• **WHAT YOU HAVE TO DO**: Below are records with pictures. Reproduce exactly the lines from the line with "slavnostní předání hasičské" to the line with "2429e1e9b3 Bolle Skylar", inclusive, and leave each picture out.

• **DATA PROVIDED**:
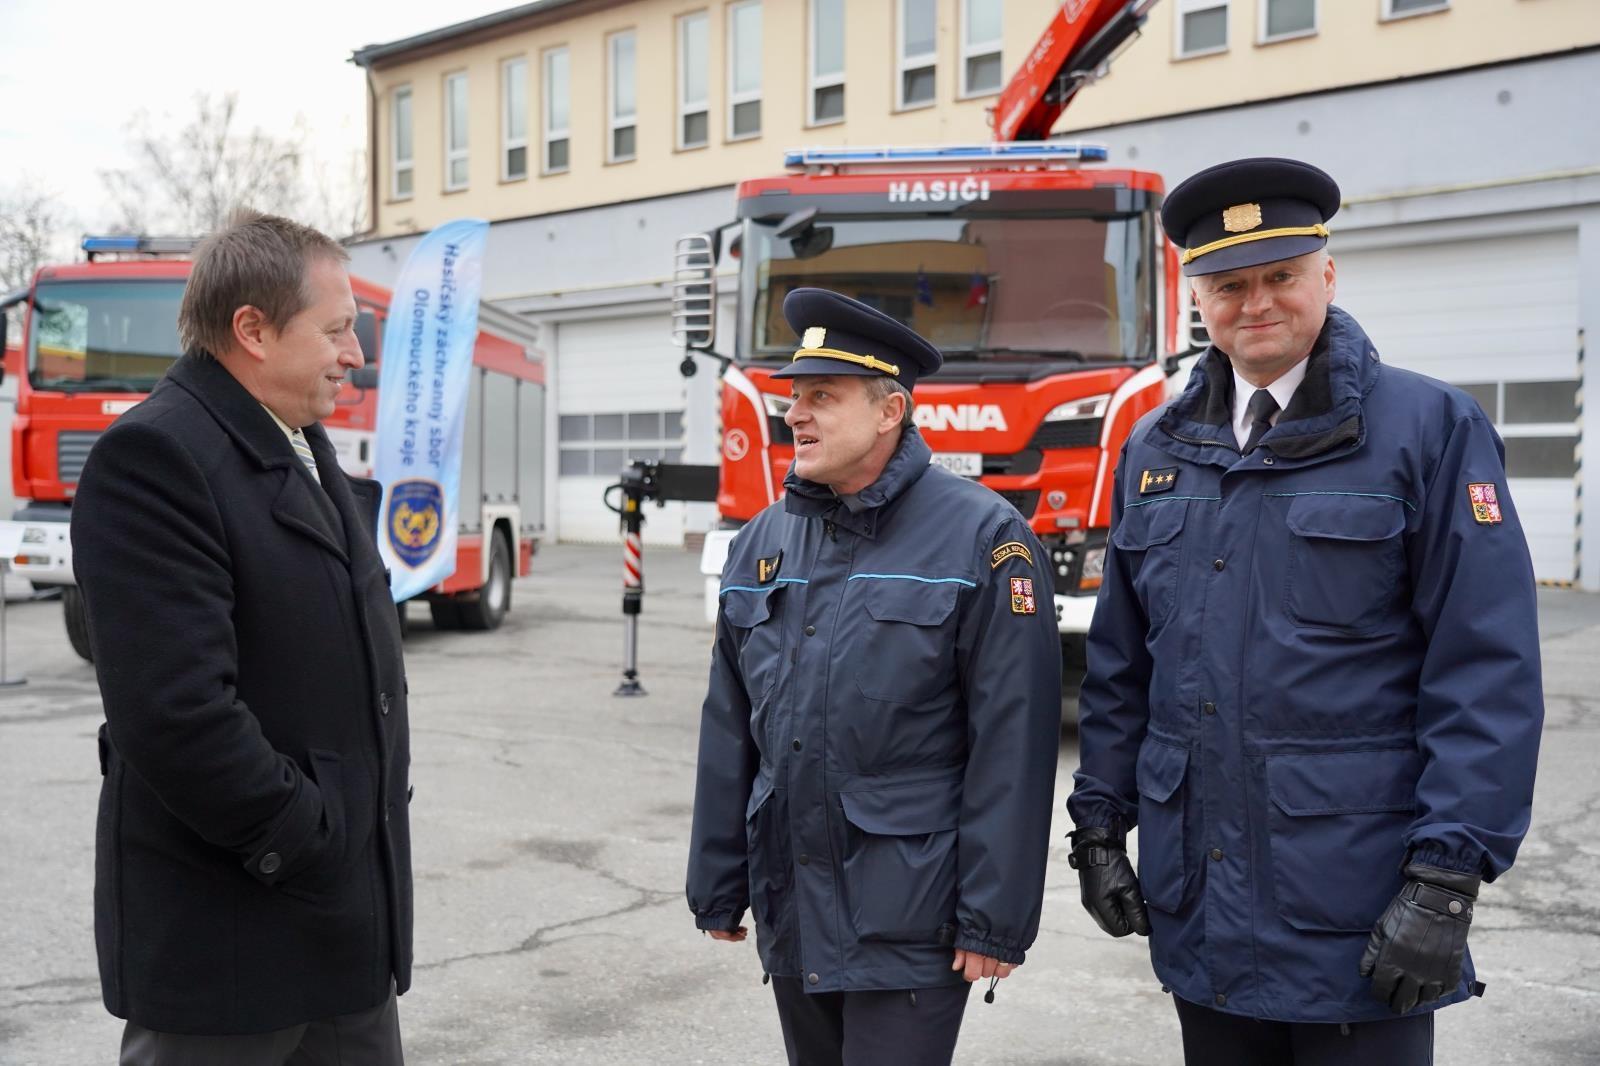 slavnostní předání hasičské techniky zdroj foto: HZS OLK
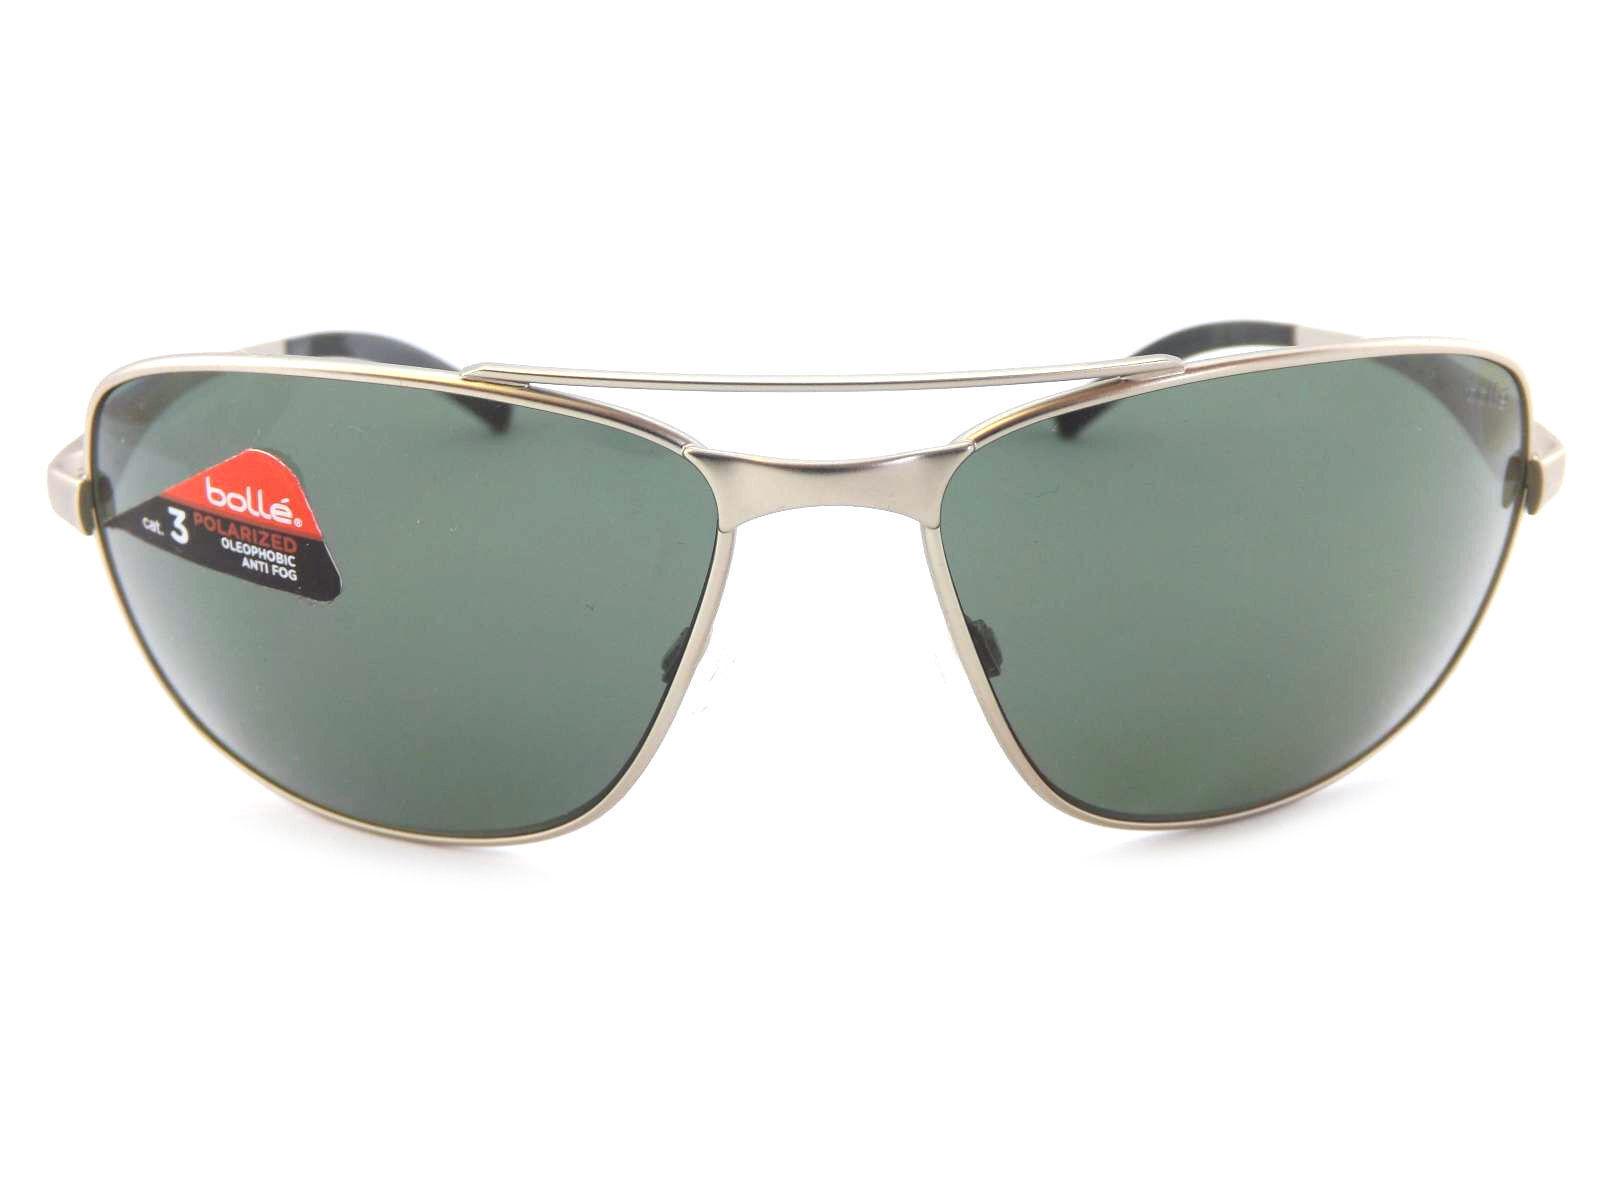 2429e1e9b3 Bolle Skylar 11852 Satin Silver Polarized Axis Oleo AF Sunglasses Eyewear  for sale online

---

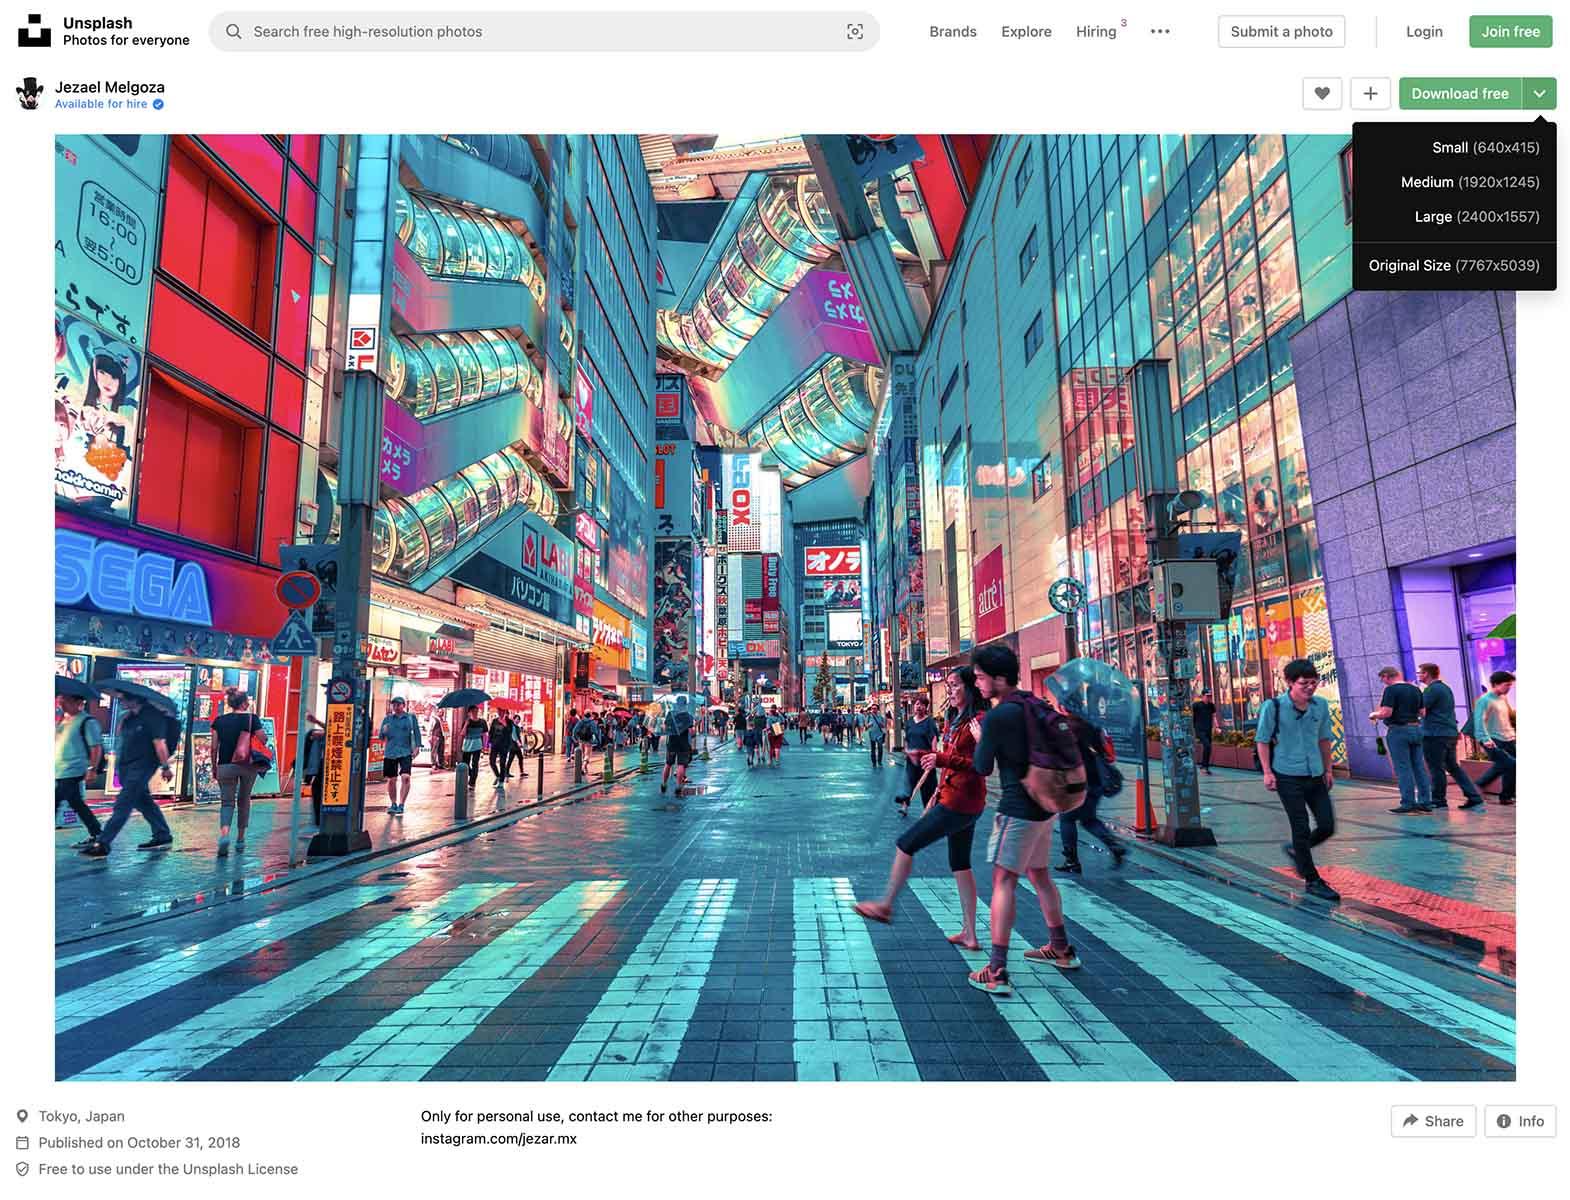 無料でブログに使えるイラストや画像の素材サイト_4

• **WORKED SOLUTION**:
 slavnostní předání hasičské techniky zdroj foto: HZS OLK
 2429e1e9b3 Bolle Skylar 11852 Satin Silver Polarized Axis Oleo AF Sunglasses Eyewear  for sale online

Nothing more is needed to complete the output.